Ей хотелось возвратиться туда, но она прекрасно знала, что назад дороги нет, она – замужняя дама, госпожа Ирена Гиллманова, к которой пристают отвратительные мужчины, и у нее есть муж, вот он канючит рядом; она слегка сжала его руку и, как из не очень чистого граммофона, услышала его реальный, трезвый голос, зовущий ее по имени из какой-то дальней дали, всегда ей чуждой.

– Не пора ли нам домой, дорогая?

Она покачала головой.

– Ирена, нам пора.

– Нет, – прижалась она к нему. – Видишь ту девушку?

– Угу.

– Мне она ужасно нравится.

– Красивая.

– Ты чувствуешь ее?

– Что?

– Она пахнет девушкой. Как после физкультуры.

– Гм-м.

Внезапно он на что-то решился и твердо заявил:

– Ирена, нам нужно серьезно поговорить.

– Да.

– Серьезно, Ирена.

– Ну да.

С минуту он молчал, потом сказал:

– Ирена, не путайся с Сэмом, – хотя бы не на людях.

– Что?

– Ты сама знаешь, что. Вы танцуете в обнимку, да и ходите так по Праге.

– Но…

– Подожди! Я знаю, к примеру, что ты с ним целовалась!

– Это неправда!

– Ирена, я видел своими глазами!

– Когда, Роби?

– На прошлой неделе.

– И где же, скажи, пожалуйста?

– Когда я шел вечером домой. Если уж целуетесь, то хотя бы шторы задерните.

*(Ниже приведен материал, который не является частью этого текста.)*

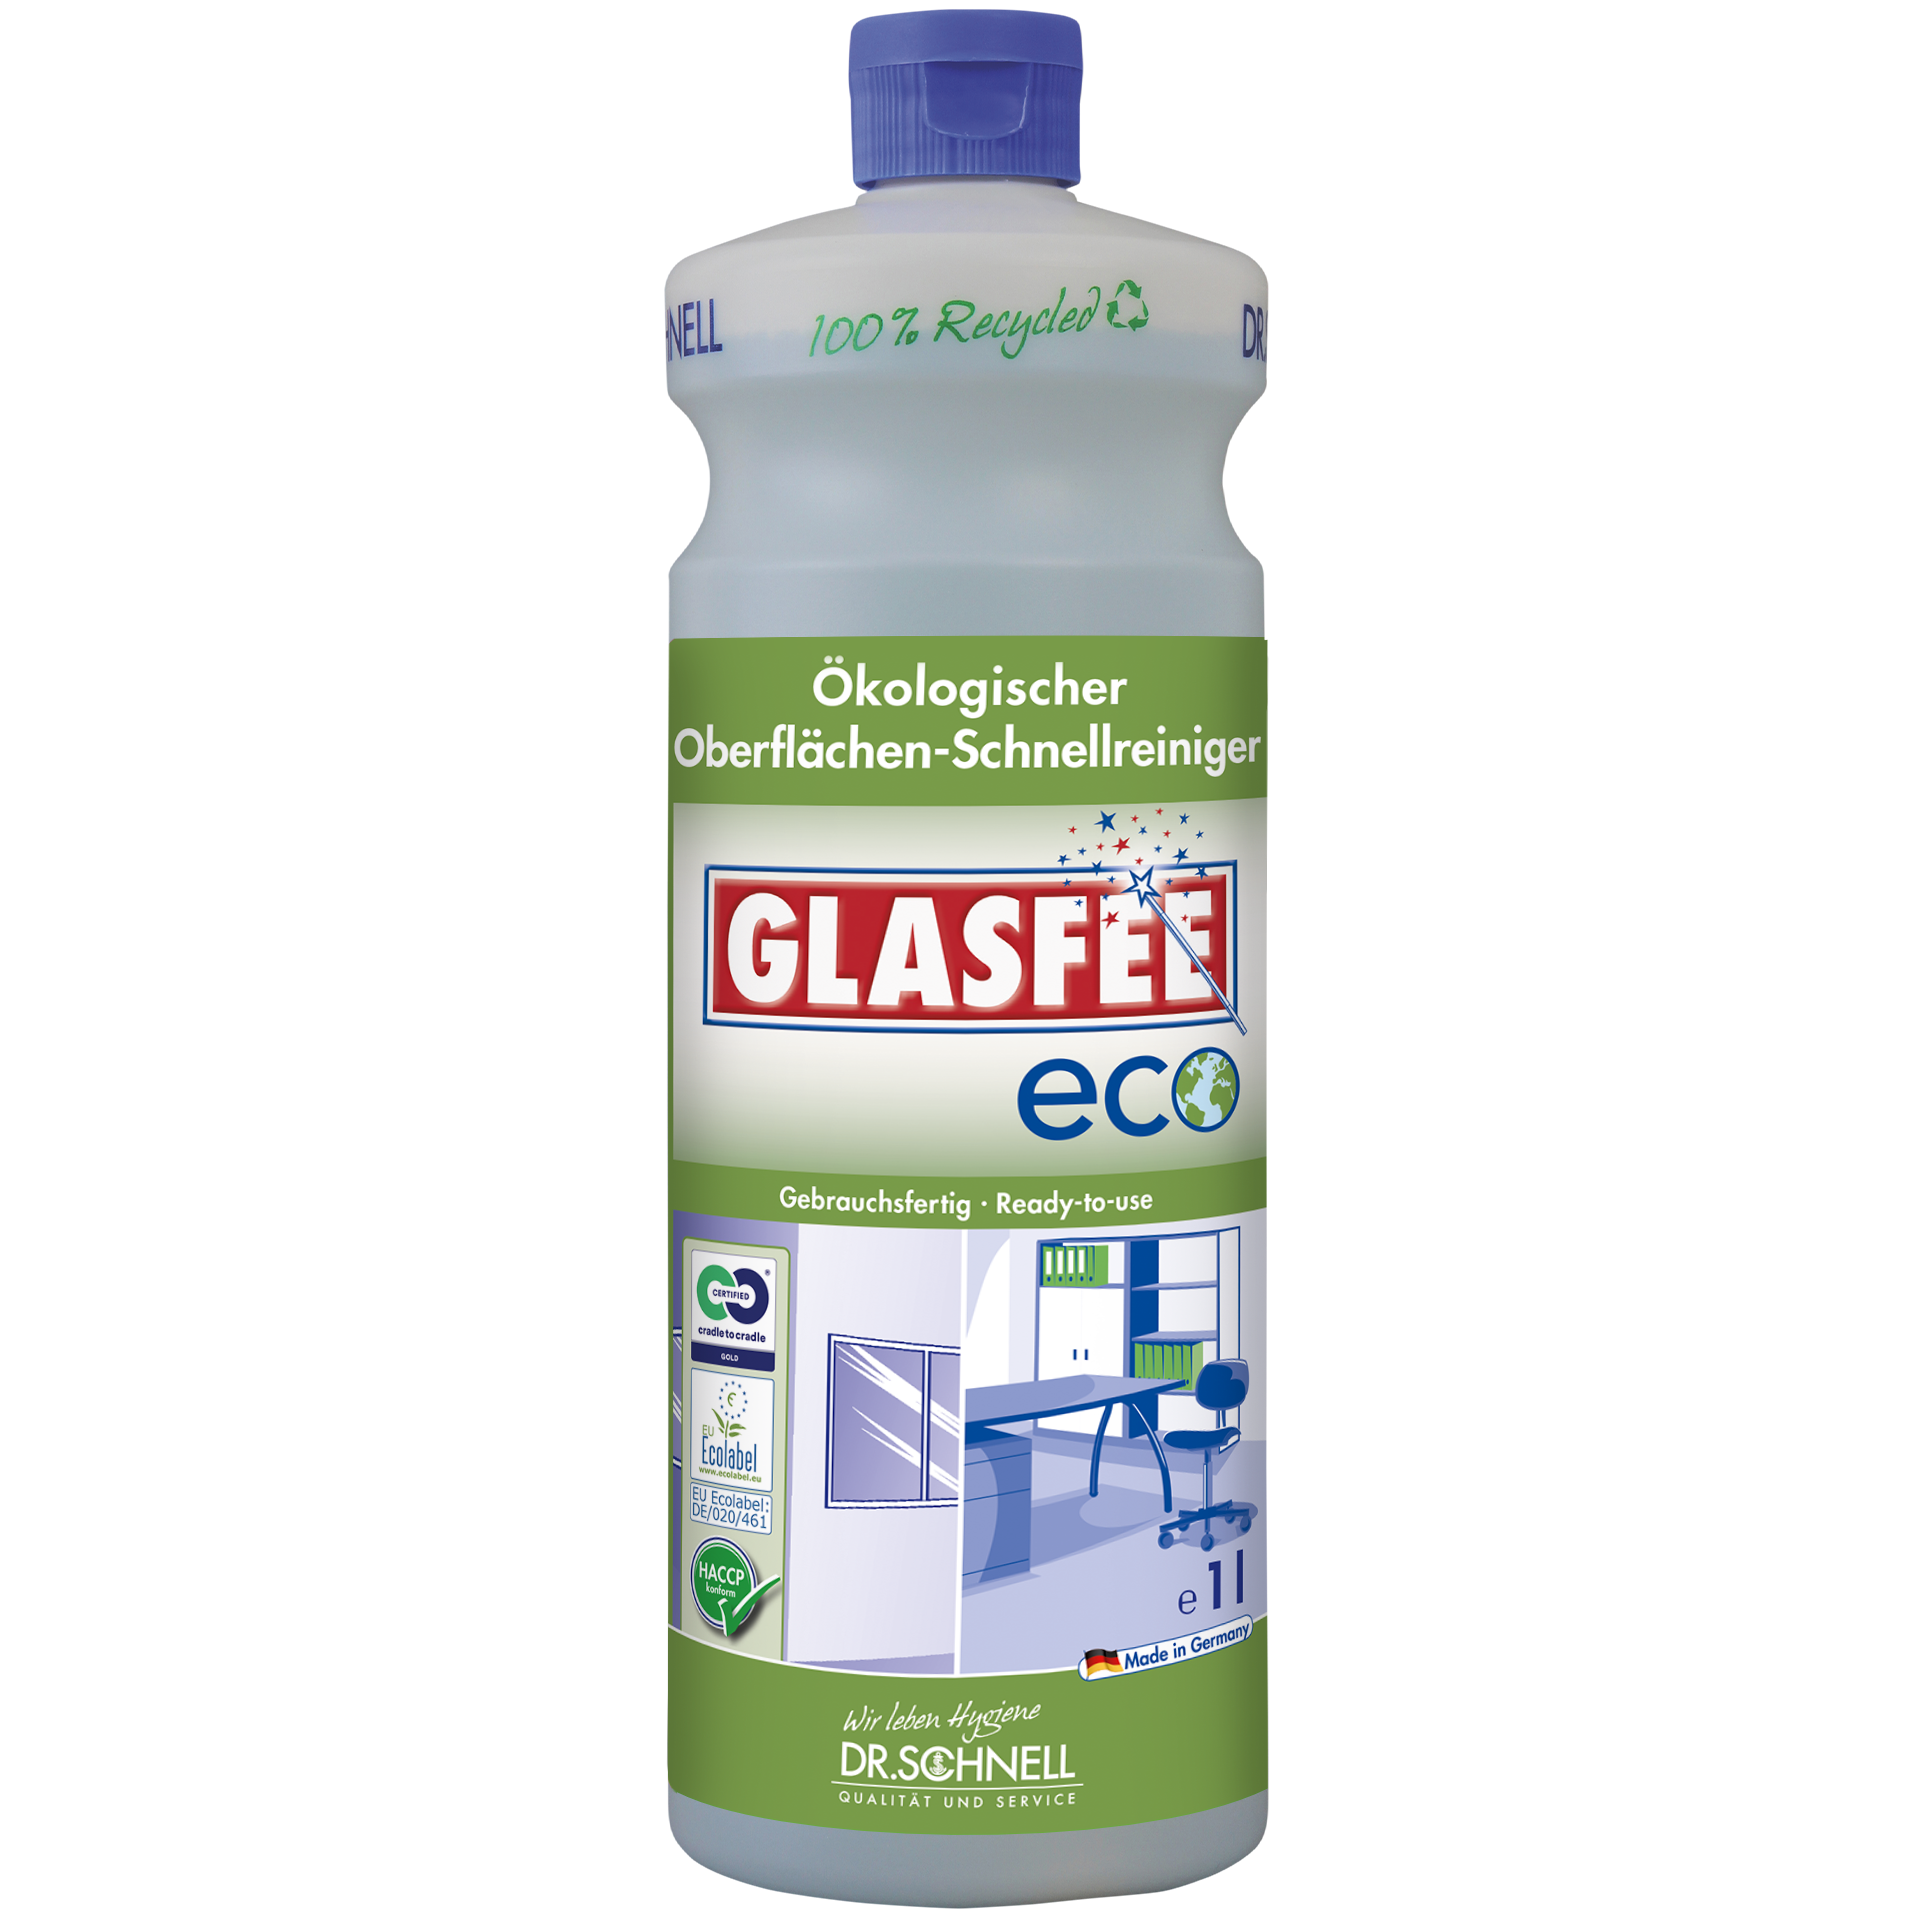 Dr. Schnell GLASFEE ECO ökologischer Oberflächen-Schnellreiniger, 1 L Flasche

– У тебя галлюцинации, Роби, – возразила она. Ей было неприятно чувствовать себя виноватой. Целоваться, конечно, не стоило. Это первая ступенька вниз, а потом уже не остановишься. И хотя она раз и навсегда решила, что никогда у нее не будет двух мужчин, все равно не стоило этого делать.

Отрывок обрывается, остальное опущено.